■ GIVEN MATERIAL
——

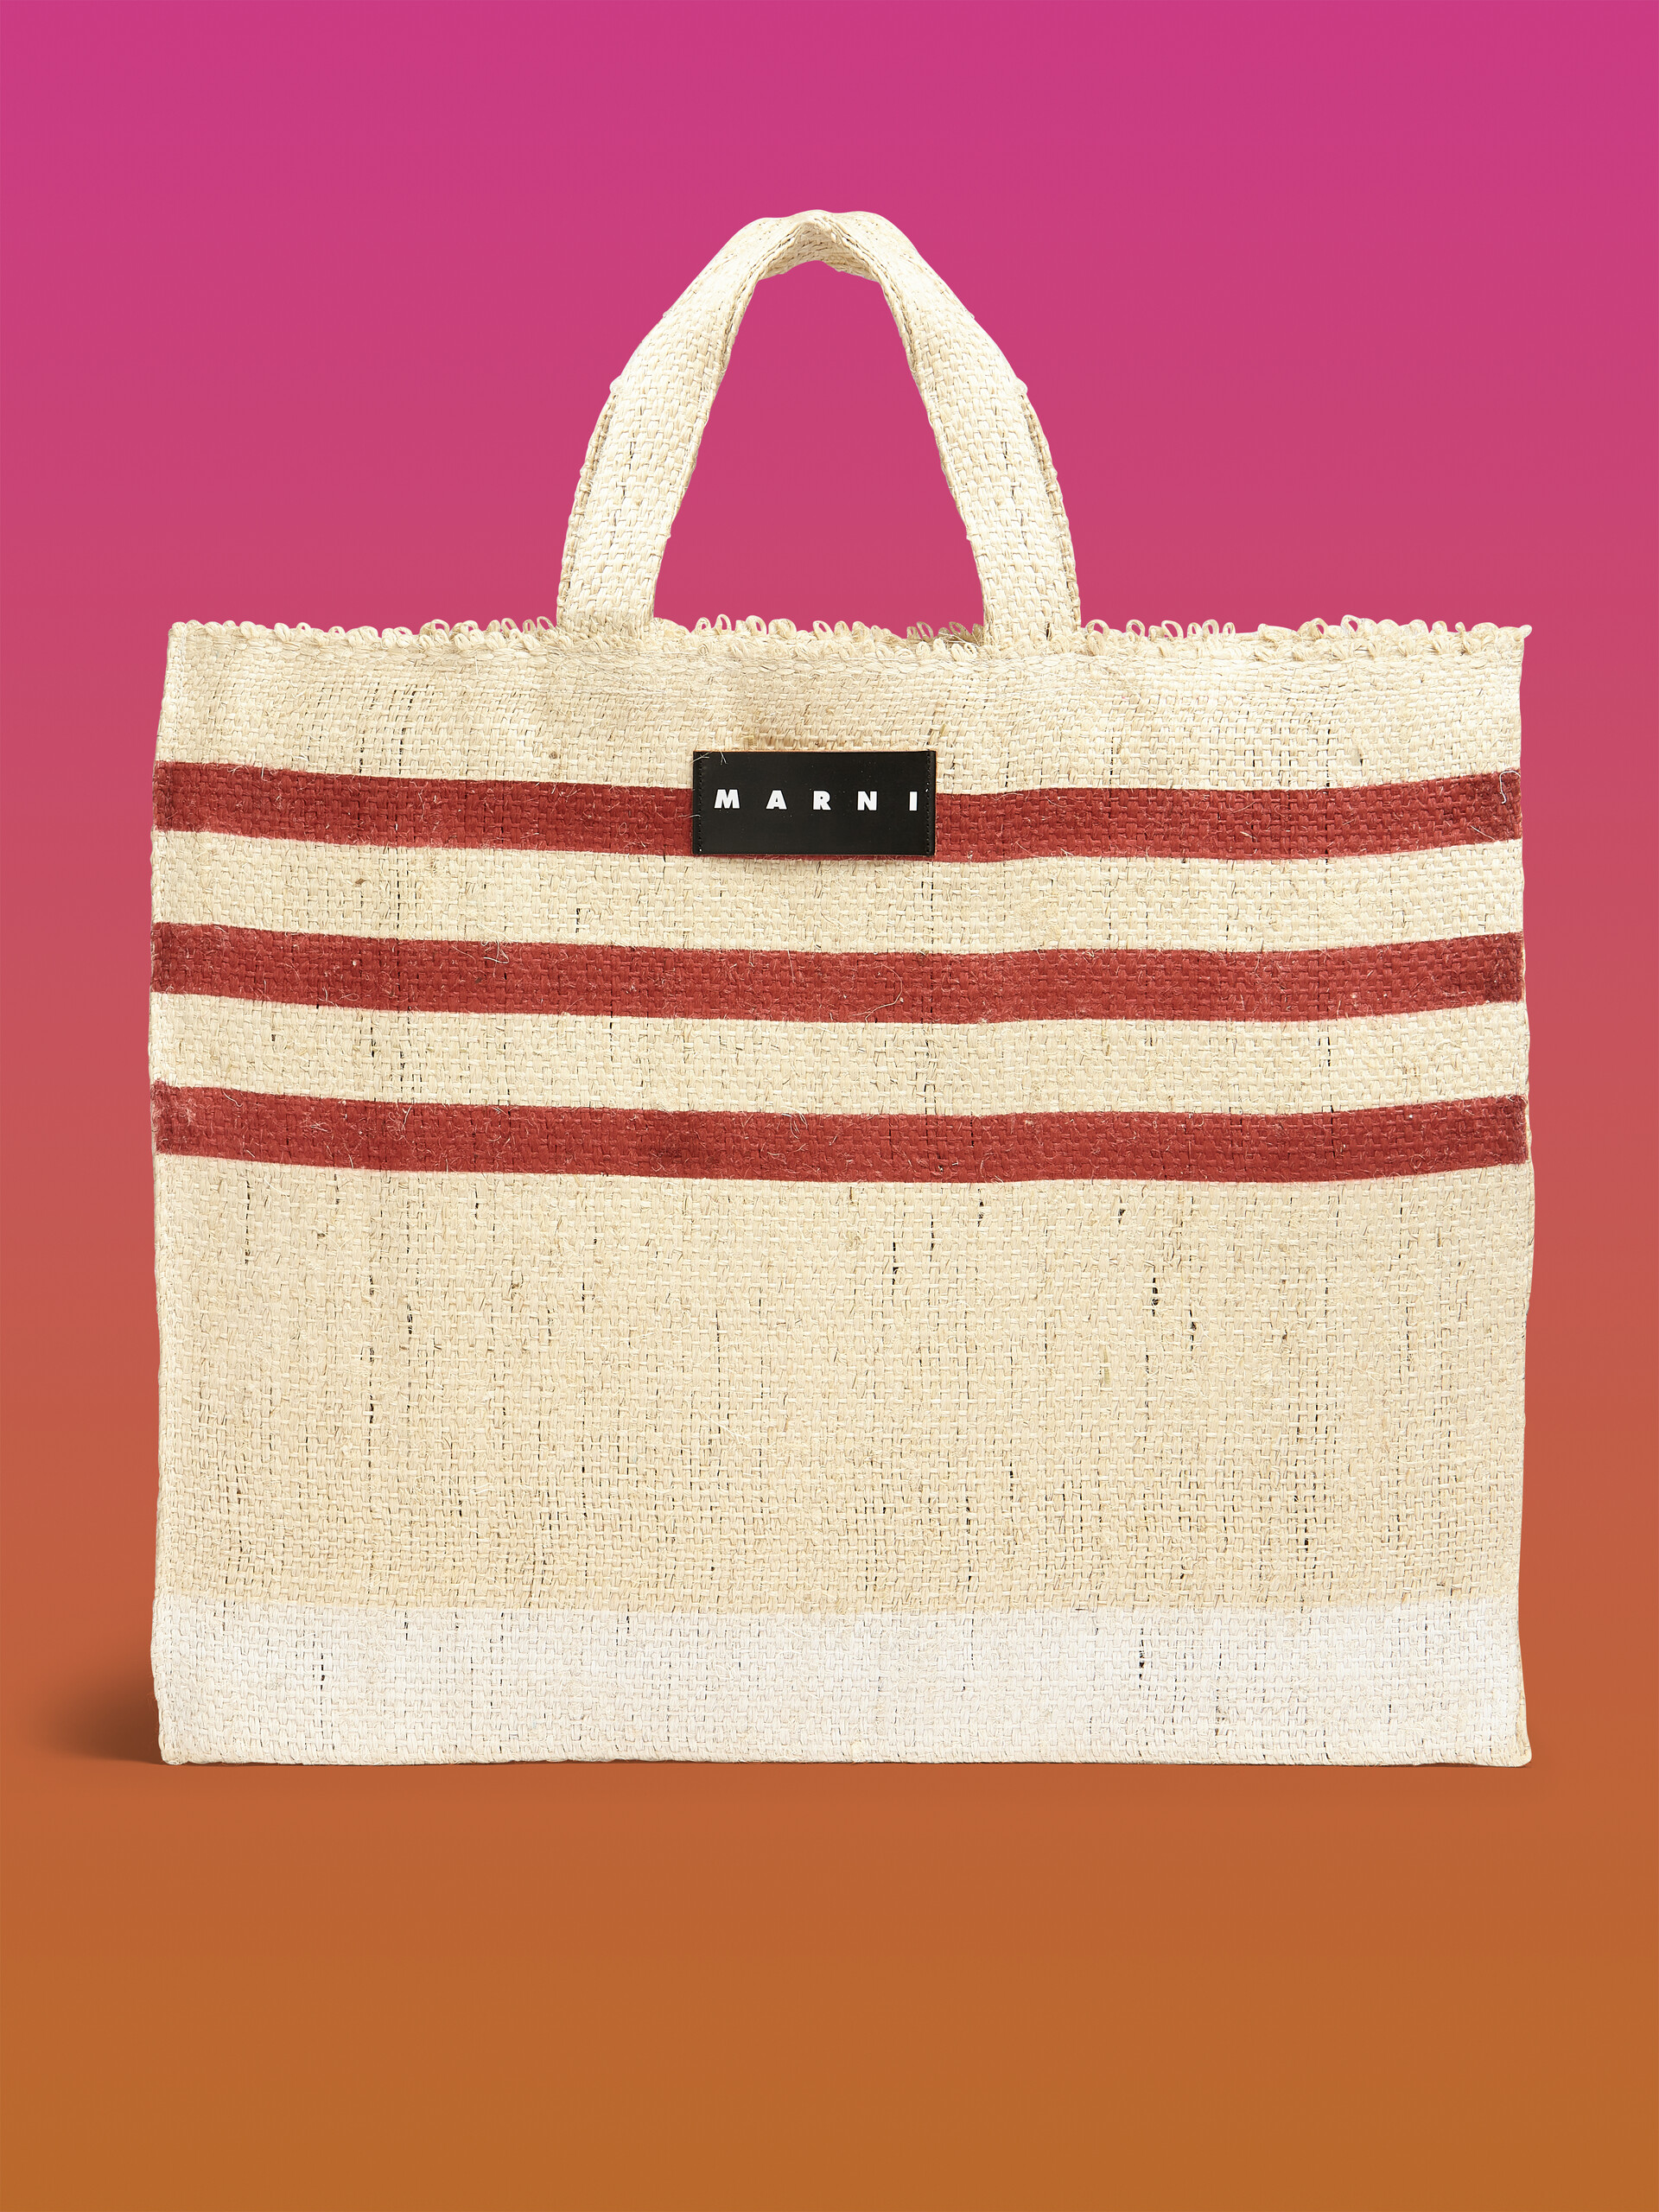 MARNI MARKET CANAPA large bag in red natural fiber - Shopping Bags - Image 1
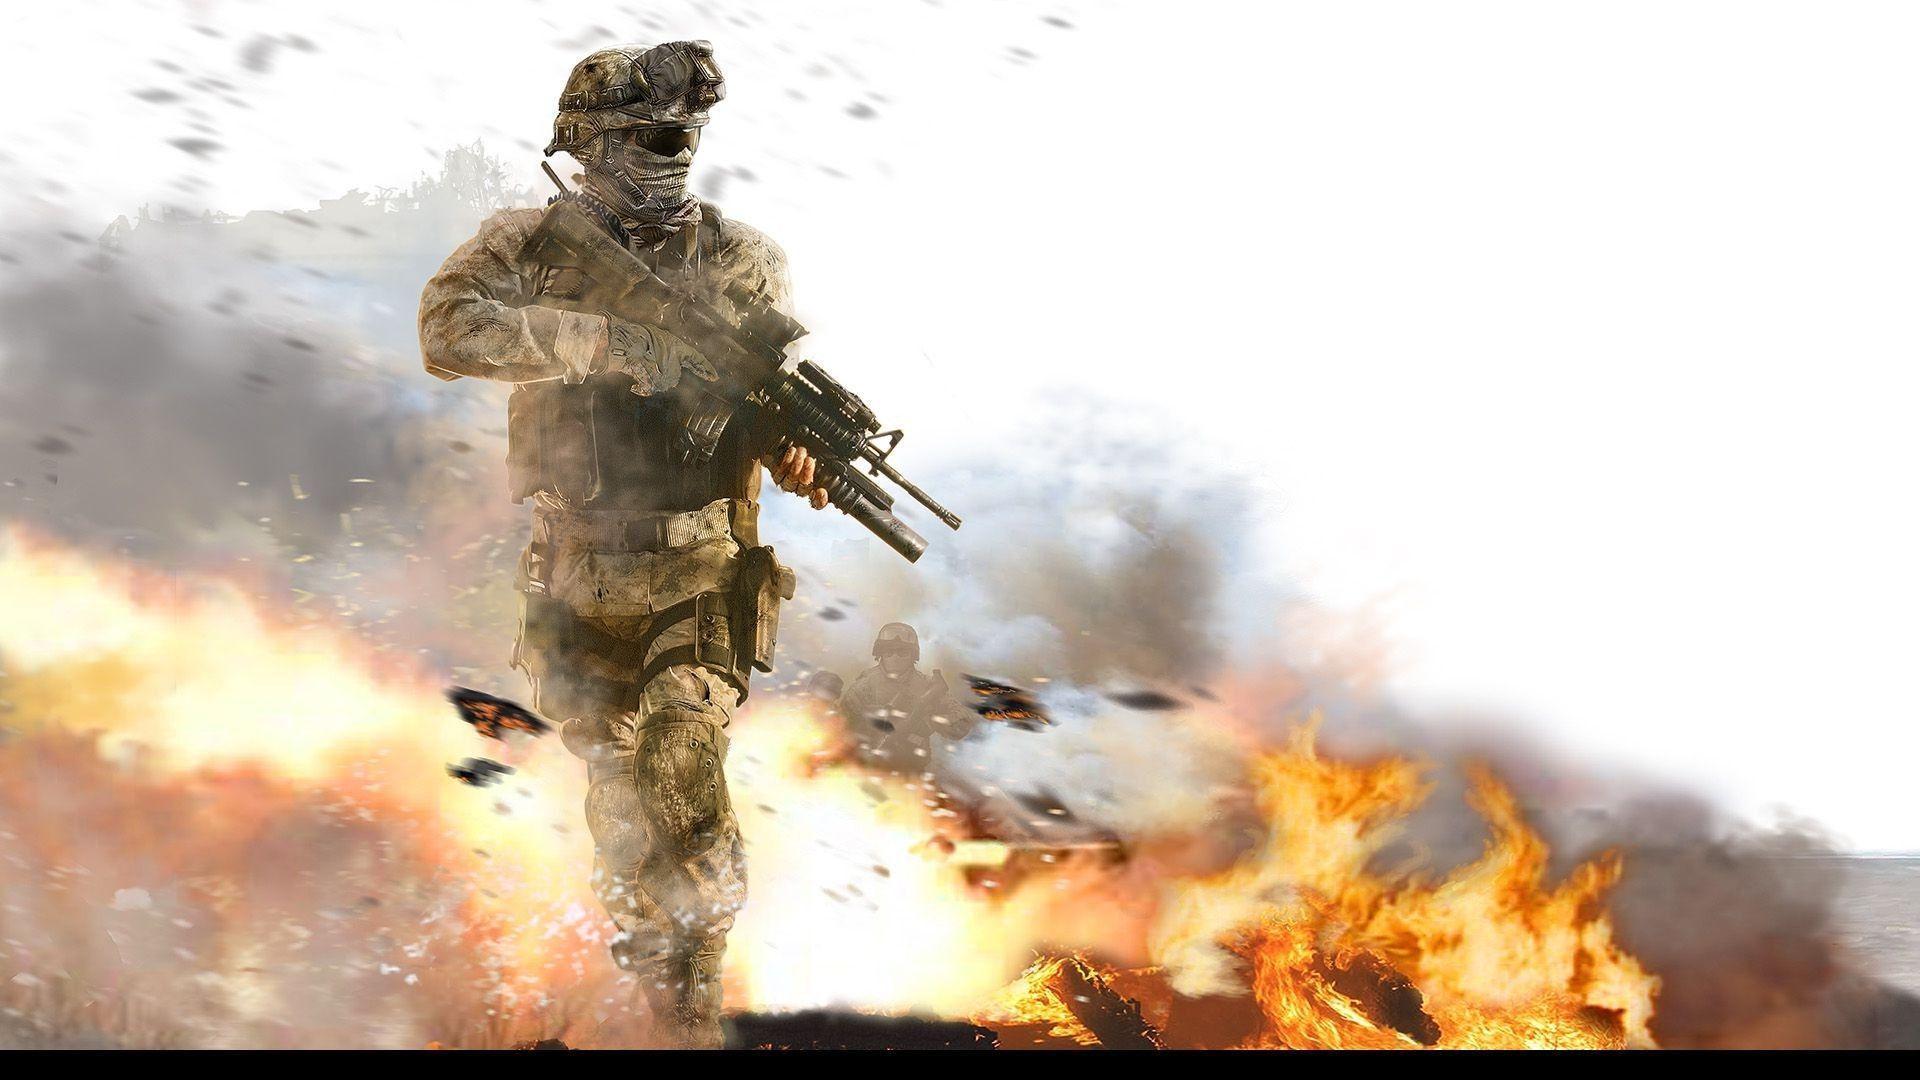 ZZL:78 Of Duty Modern Warfare 2 HD Image Free Large
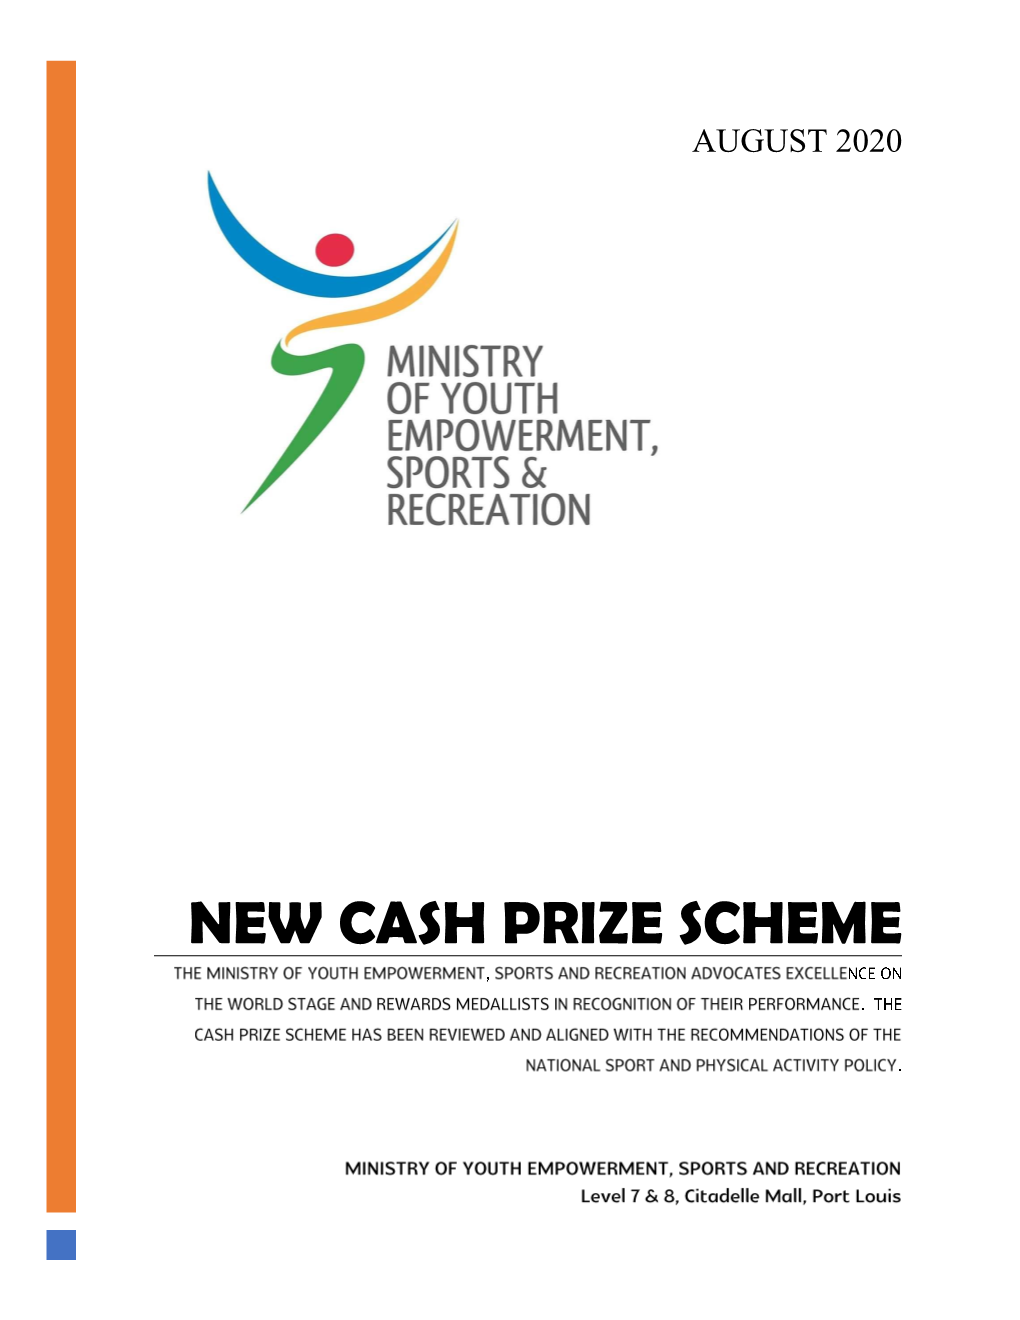 New Cash Prize Scheme

——

■ WHAT YOU WILL DO
Please print the material exactly as given above, omitting the pictures.

■ TASK OUTPUT
 MARNI MARKET CANAPA large bag in red natural fiber - Shopping Bags - Image 1
 ZZL:78 Of Duty Modern Warfare 2 HD Image Free Large
 New Cash Prize Scheme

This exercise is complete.